Examples of problems for which AML will not be a good fit include:
- Is this a picture of a dog or a cat?
- What are the multi dimensional clusters of this data?
- Given this user’s purchase history, what other products would they like?
Before diving into building making predictions, it’s worth discussing the ethics of machine learning. Models make predictions which have real-world consequences. When you are involved in building such systems, you must think about the ramifications. In particular, think about the bias in your training data. If you are working on a project that will be rolled out across a broad population, make sure your training data is evenly distributed.
In addition, it’s worth thinking about how your model will be used. (This framework is pulled from the excellent “Weapons of Math Destruction” by Cathy O’Neil). Consider:
- Opacity: How often is it updated? Is the data source available to all people affected by the model?
- Scale: How many people will this system affect, now or in the future?
- Damage: What kind of decisions are being made with this model? Deciding whether to show someone an ad has far fewer ramifications than deciding whether someone is a good credit risk or not.
Even more than software developers, people developing ML models need to consider the ethics of the systems they build. Software developers build tools that humans use, whereas ML models affect human beings, often without their knowledge.
Think about what you are building.
The Data Pipeline
An AML process can be thought of like a pipeline. You push data in on one end, build certain constructs that the AML system leverages, and eventually, you get predictions out on the other end.
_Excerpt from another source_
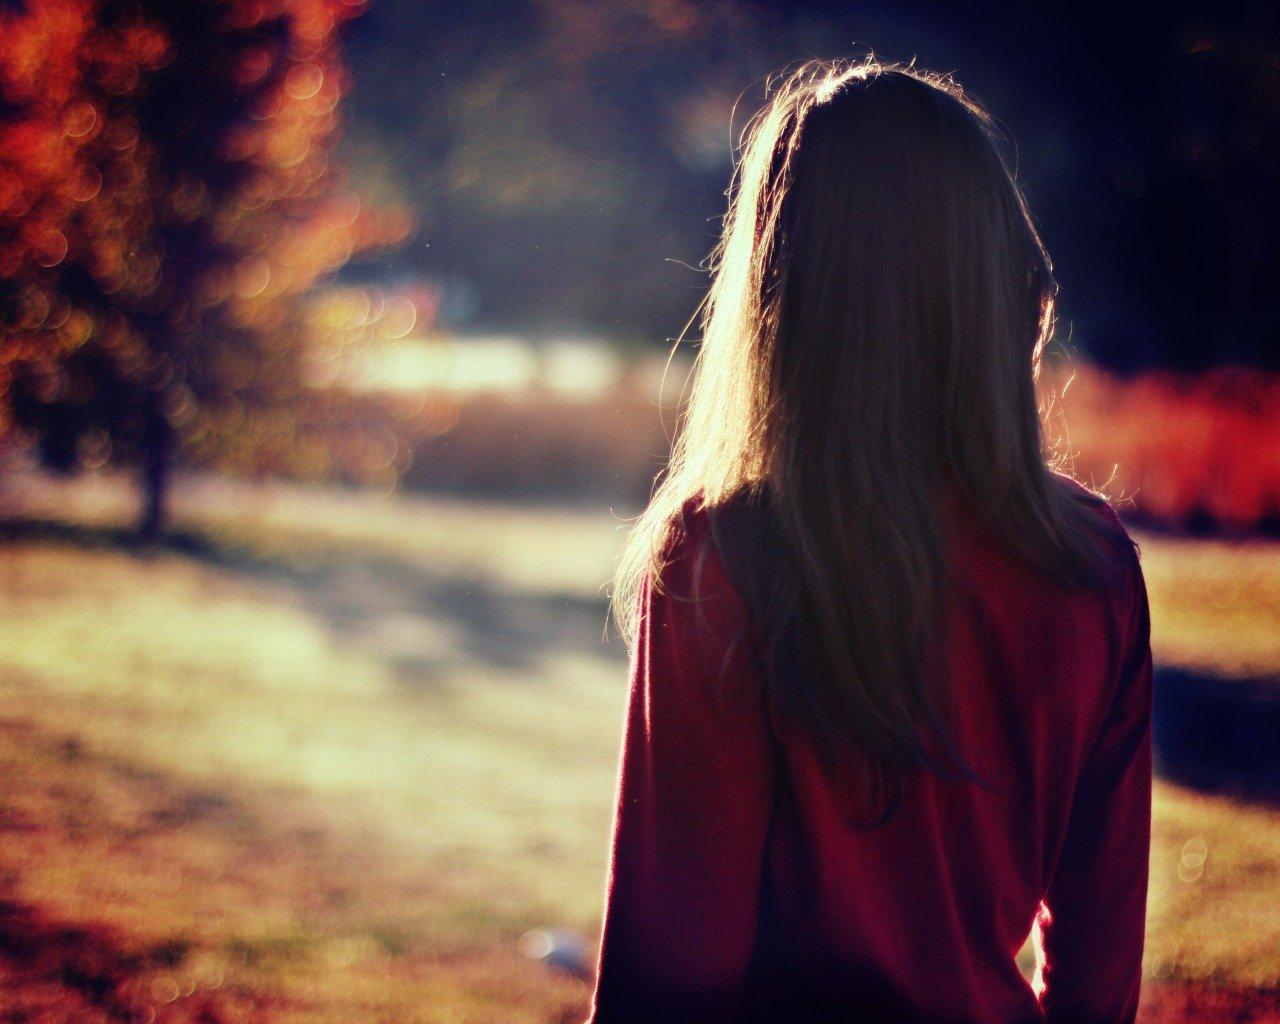 Если я недостаточно красива для него - психолог Диана Сушко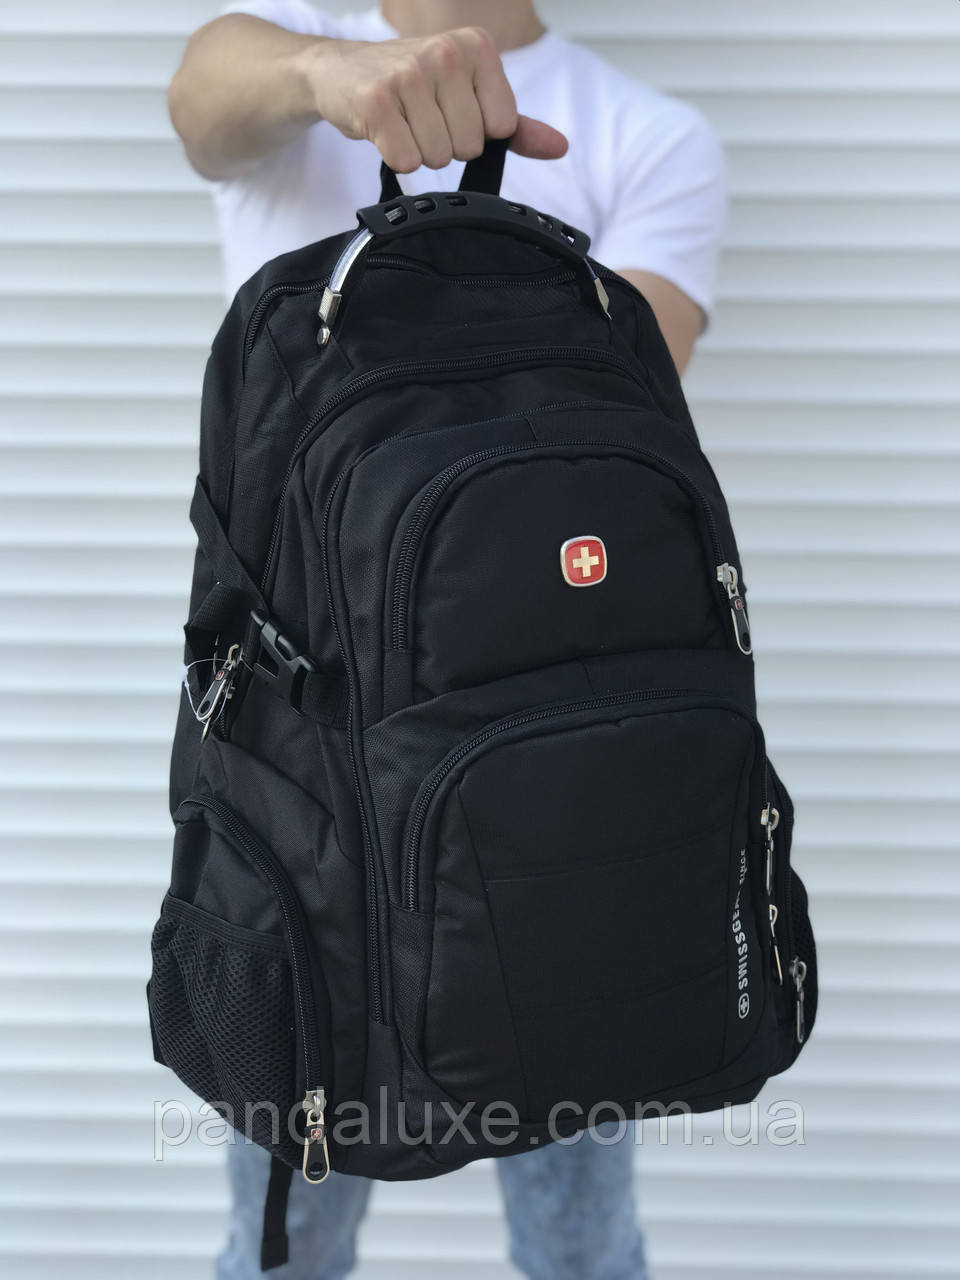 Рюкзак городской мужской черный c ортопедической спинкой Swissgear 46х30 см

The first steps for most ML problems are to determine the question you are trying to answer and to locate the requisite data. This article won’t discuss these efforts, other than to note that garbage in, garbage out applies to ML just as much as it does to other types of data processing. Make sure you have good data, plenty of it, and know what kind of predictions you want to make before building an AML system.
All these AML operations can either be done via the AWS console or the AWS API. For initial exploration, the console is preferable; it’s easier to understand and requires no coding. For production use, you should use the API to build a repeatable system. All the data and scripts mentioned below are freely available on Github (https://github.com/mooreds/amazonmachinelearning-anintroduction) and can serve as a base for your own data processing scripts.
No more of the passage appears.